----- DATA FOR PROCESSING

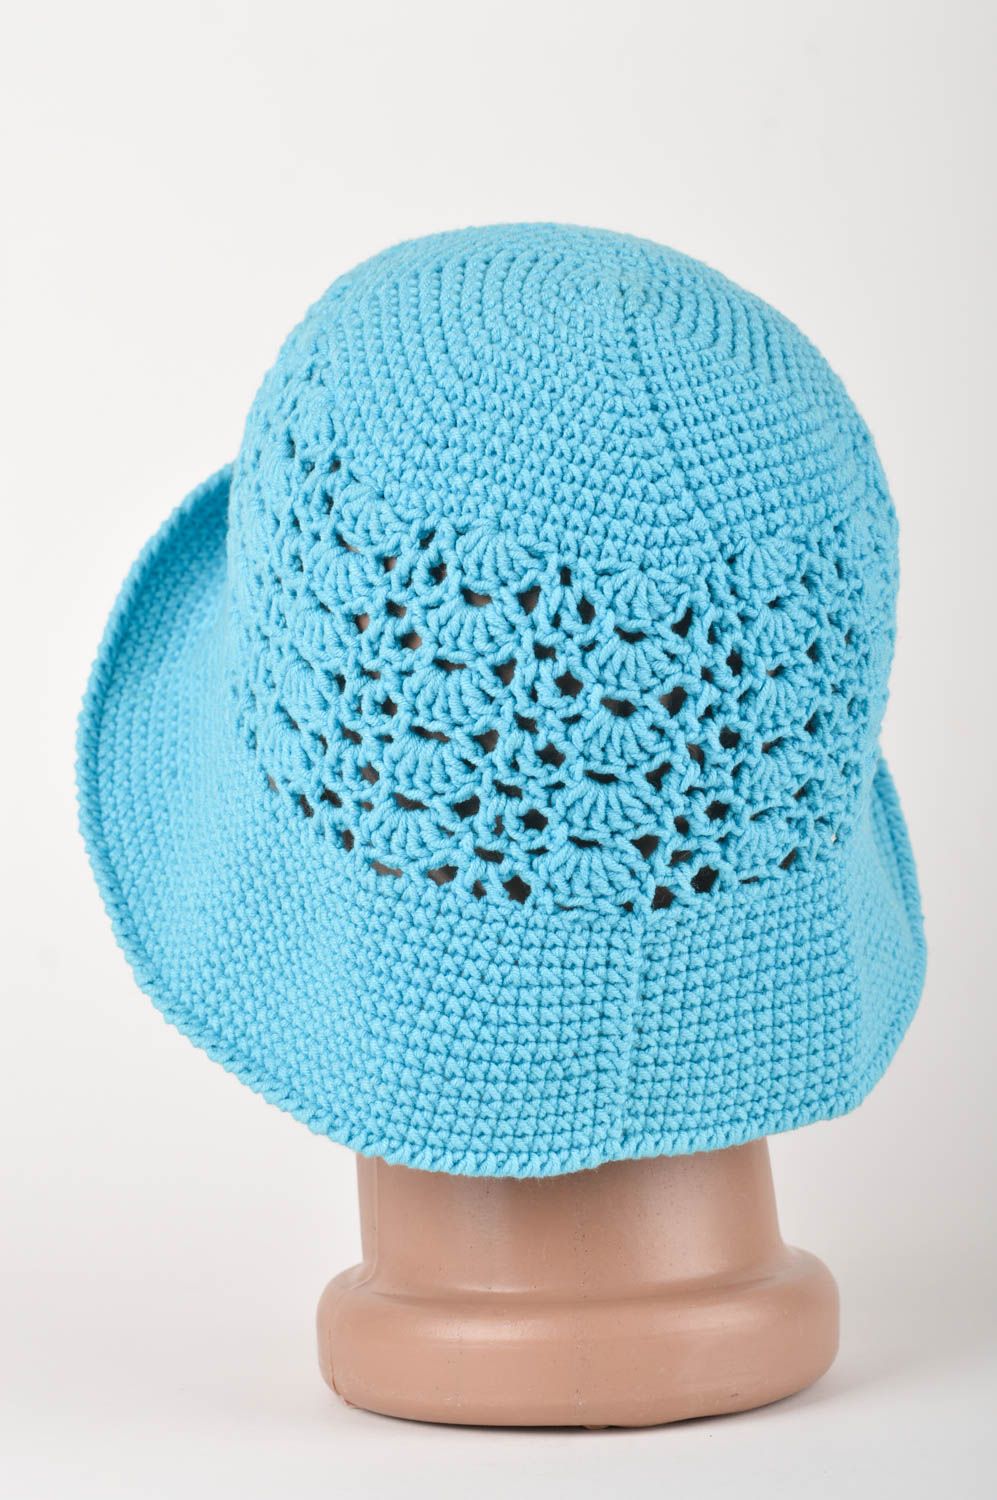 Beautiful handmade crochet hat fashion accessories for kids crochet ideas photo 5
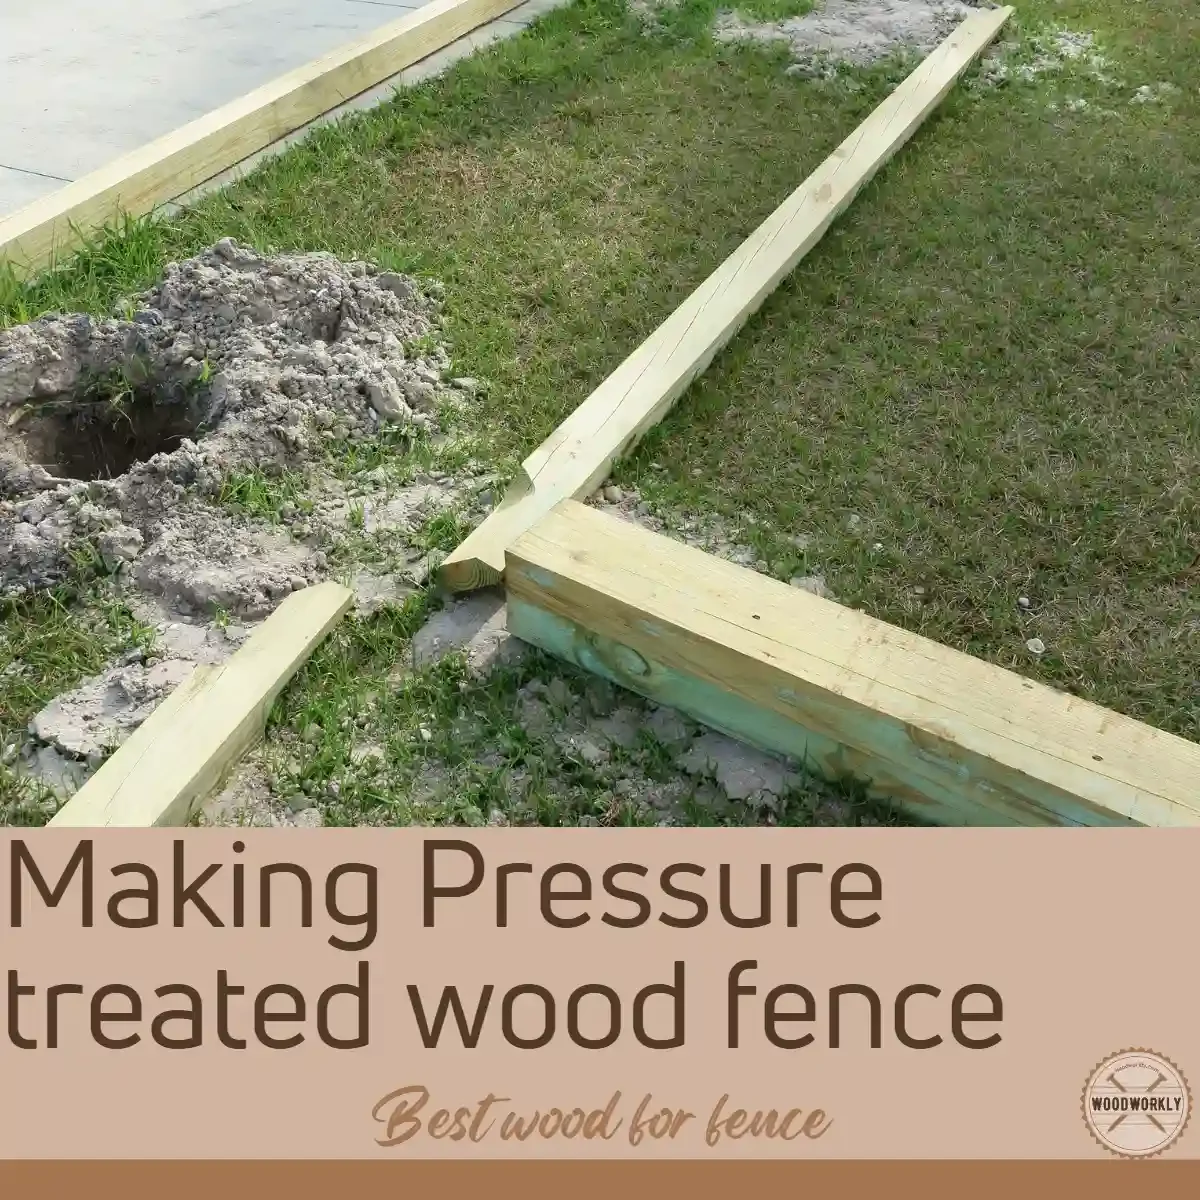 Making Pressure treated wood fence
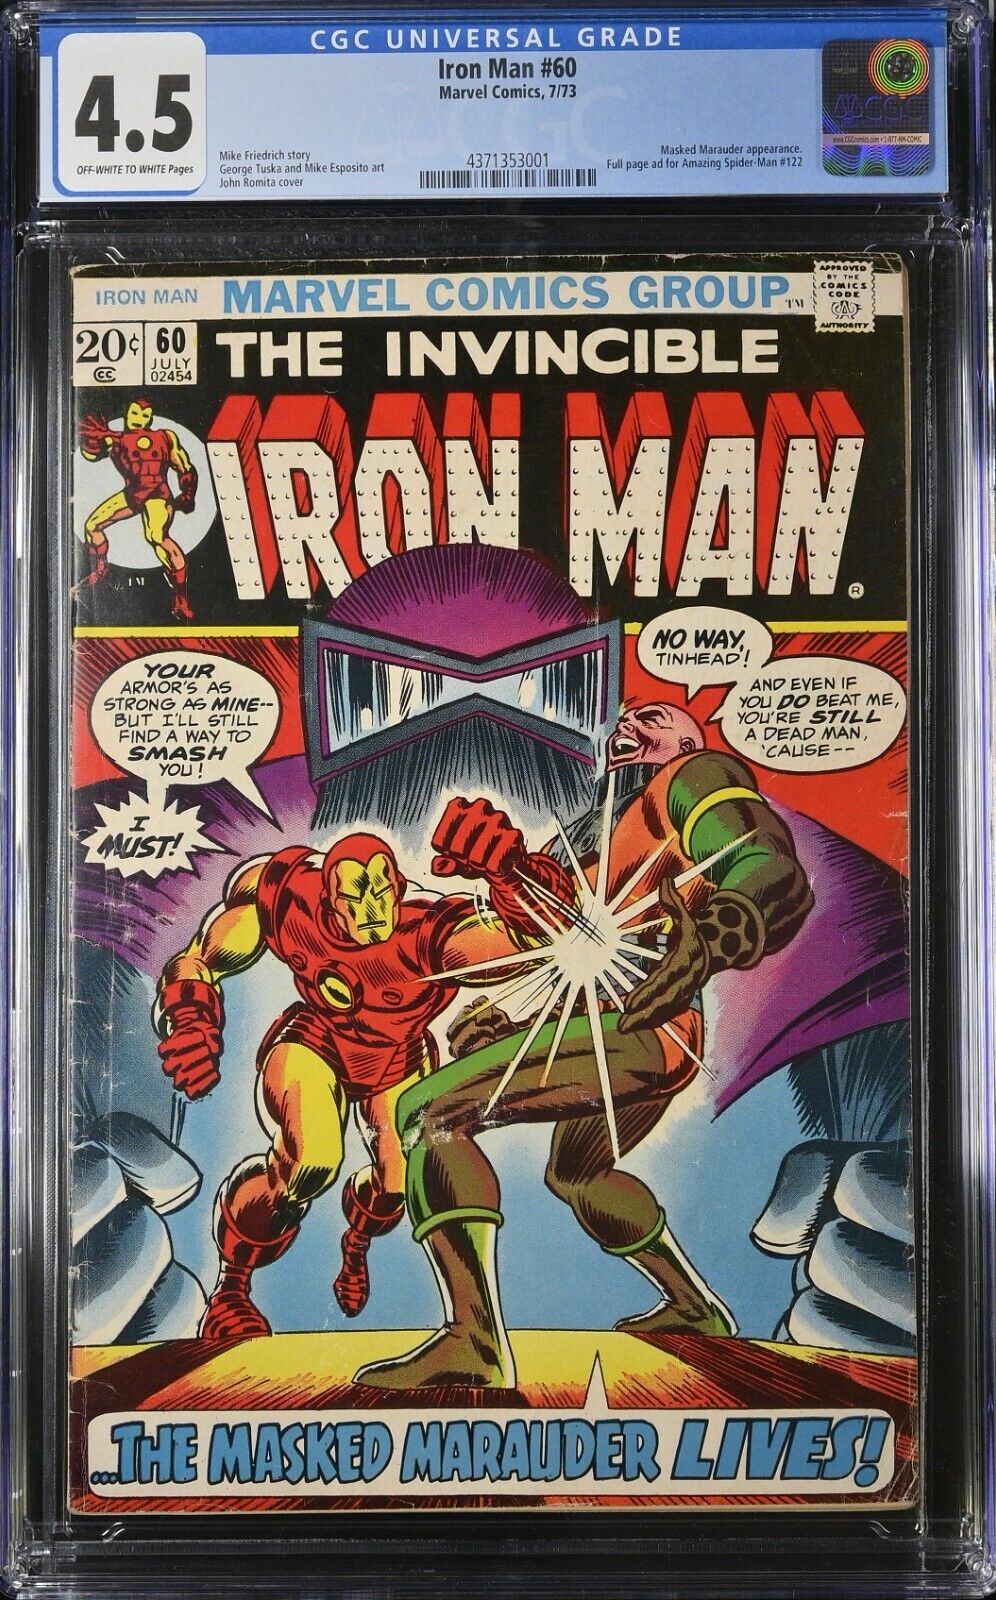 Iron Man 60 - CGC 4.5 (Jul ‘73)
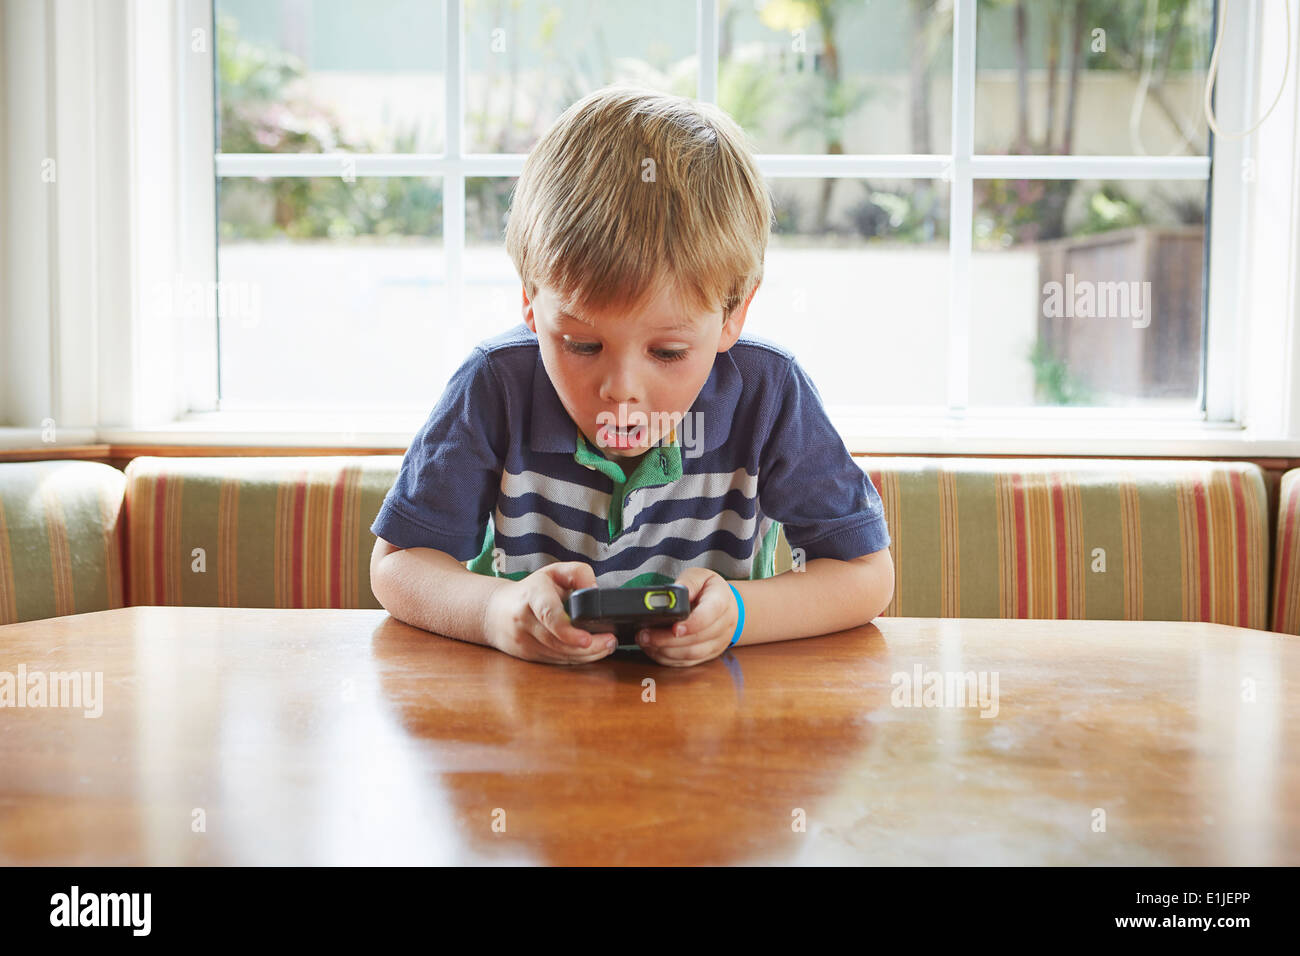 Boy playing handheld video game Stock Photo
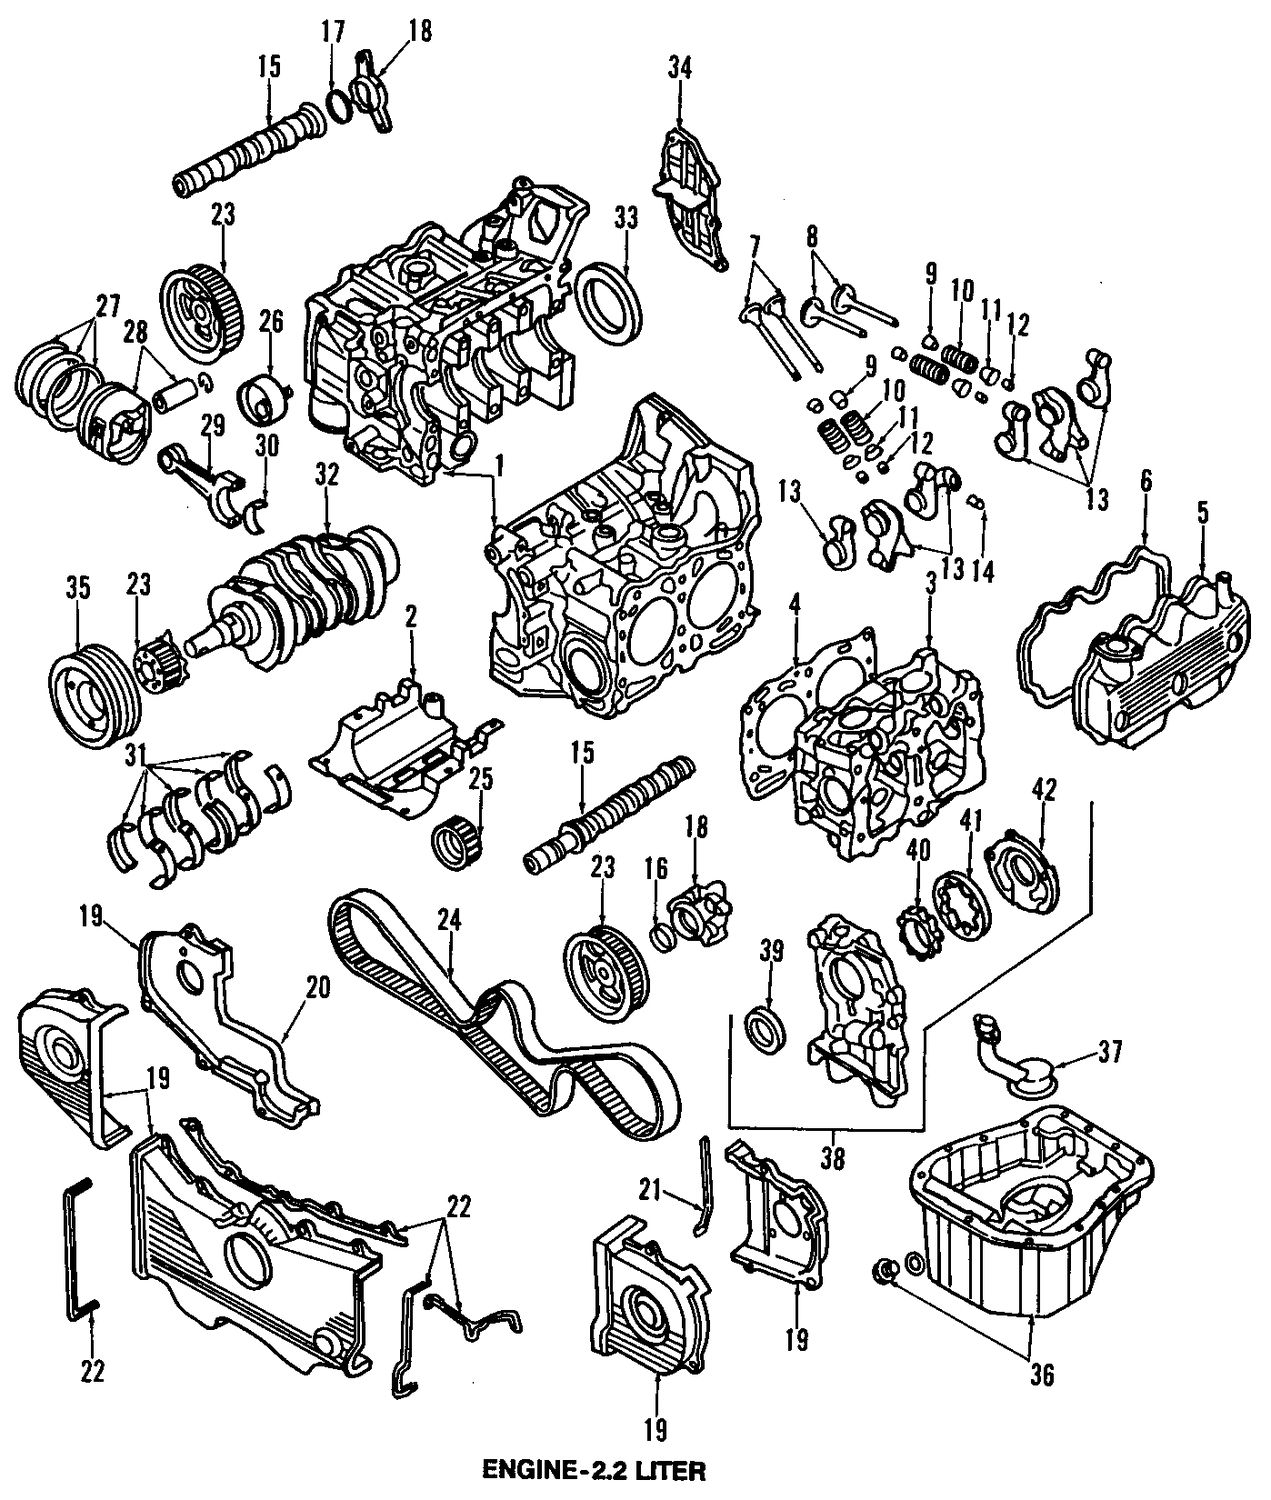 Subaru 2 2 Engine Diagram - Wiring Diagram

----------

### WHAT YOU HAVE TO DO
Retype each of the entries above exactly as it appears, with no pictures.

### ANSWER BOX
 Beautiful handmade crochet hat fashion accessories for kids crochet ideas photo 5
 Making Pressure treated wood fence
 Iron Man 60 - CGC 4.5 (Jul ‘73)
 Boy playing handheld video game Stock Photo
 Subaru 2 2 Engine Diagram - Wiring Diagram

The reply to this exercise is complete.